Mas vamos à referida receita, que se encontra na página n° 37 da edição que possuo:
“Caldo para vapores e flatos que sobem à cabeça”
“Tomem as folhas de malva, de betônica, mercurial, atermija, althéa e azedas; uma mão cheia de cada uma; lavem todas muito bem; esbruguem-se, cortem-se miudas e ponhão-se a ferver em uma canada de agua: em tendo fervido, e a água reduzida à metade, coe-se pela peneira, divida-se em duas partes e tome-se uma pela manhã em jejum e outra à noite. Na porção que se tomar pela manhã, deitem-se seis grãos de cástor em pó, use-se deste caldo por tempo de quinze dias, purgando-se no principio delle, no meio e no fim”.
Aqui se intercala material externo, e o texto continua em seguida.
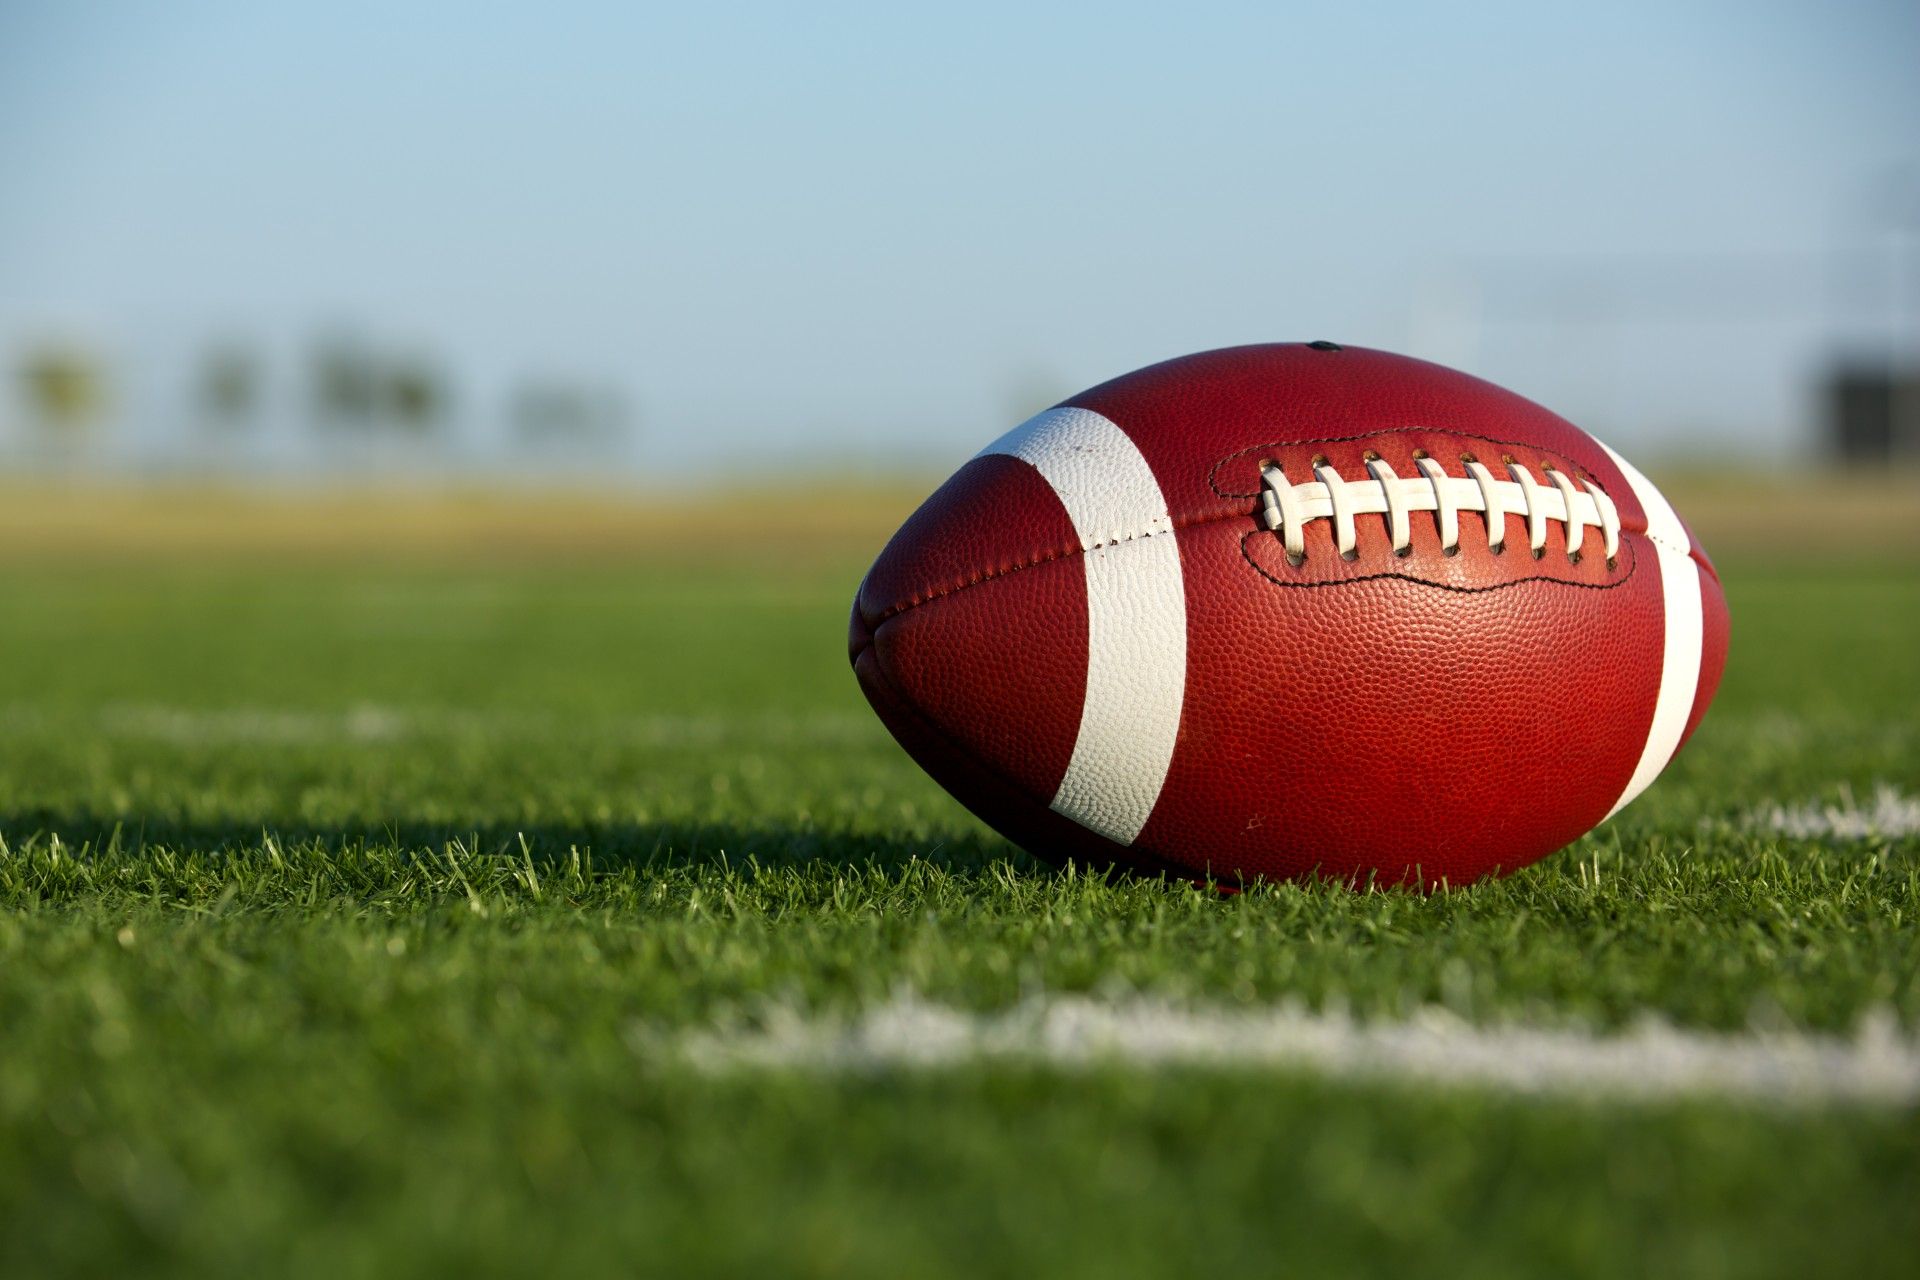 Football on field - 49ers football stadium class action lawsuit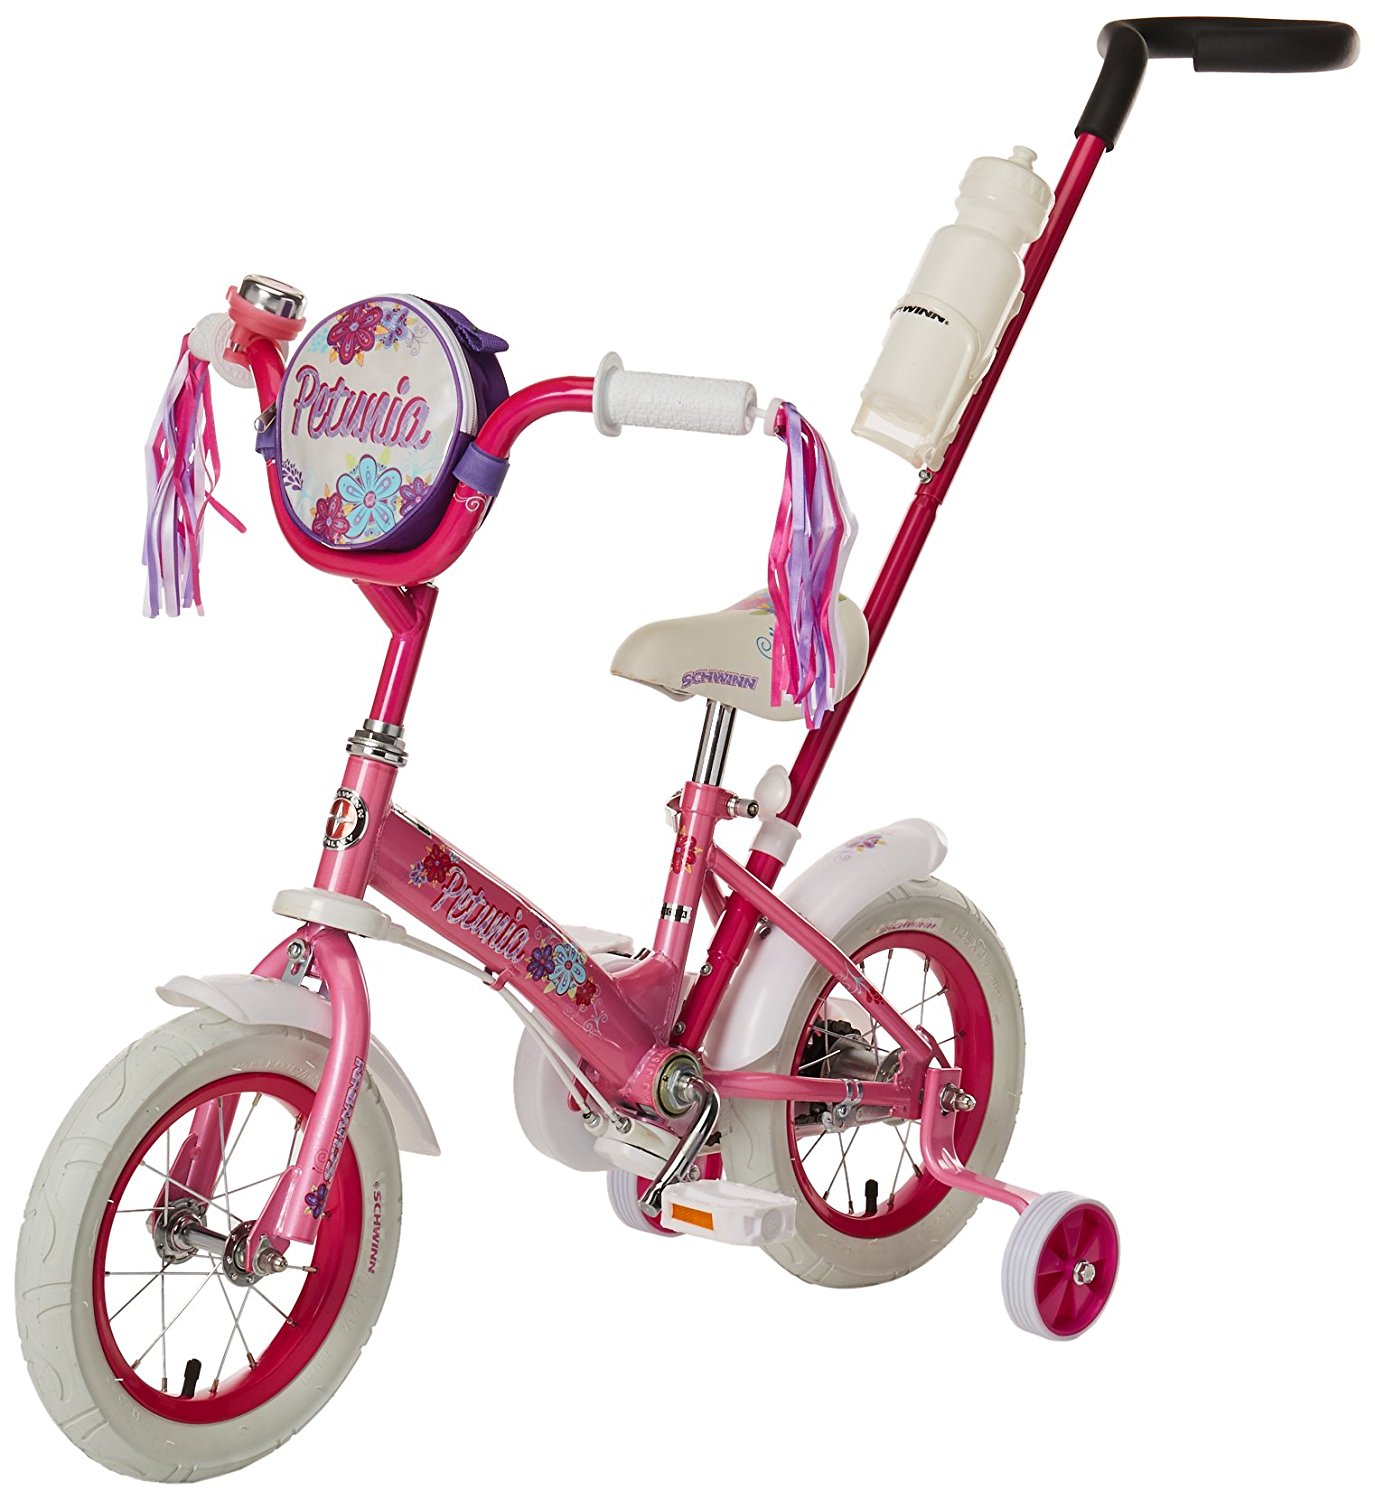 Schwinn Girls' Petunia 12-inch Steerable Bike,Pink/White

E aí vos pergunto: será que funciona?
Tem um sujeito que conheço desde que ele era pequeno, coisa de uns seis anos mais novo que eu, que me parece o supra-sumo, em Belém, dos males da soberba, da empáfia e da vaidade vã. Evidentemente que não vou sugerir quem seja, nem viria ao caso. Vez por outra cruzo com ele. E de vez em quando me vem, à mente, a ideia de convidá-lo para vir em casa tomar esse caldo – o qual nunca preparei.
Mas não andemos a perder tempo com isso. Falemos, antes de Laemmert e Co., a mítica e histórica editora do Rio de Janeiro, a casa editorial que lançou as treze edições do “Cozinheiro Imperial”. Ela situava-se no n° 66 da Rua do Ouvidor. Foi inaugurada em 1838 – um ano antes do lançamento do “Cozinheiro”, seu primeiro grande sucesso de vendas – pelos irmãos Eduardo e Henrique Laemmert, nascidos no Grão-Ducado de Baden, em 1806.
Essa casa de edição publicou várias preciosidades da cultura brasileira, como “A Lyra Moderna ou Collecção de Doze Modinhas Brasileiras escolhidas e D’hum grande Lundum para piano-forte” e as muitas edições anuais do Almanak Laemmert – publicado ano após ano até 1930. Em 1862 o próprio imperador Pedro II visitou a Casa Laemmert e Eduardo foi eleito sócio do Instituto Histórico e Geográfico Brasileiro. Sobre o “Cozinheiro Imperial”, resta dizer que a obra foi escrita pelo visconde de Vilarinho de São Romão, português que viveu no Rio de Janeiro. Sobre o “conto da Patolina”, deixem estar, que qualquer dia conto essa história a vocês (seria muita história de soberba para uma crônica apenas). Sobre o “Caldo para vapores e flatos que sobem à cabeça” et sur les vanités de ce monde, ficam as lições de Pedro Sem. A aproveitar ao juízo de quem o tenha, no compromisso de oferecê-lo a quem lhe falta.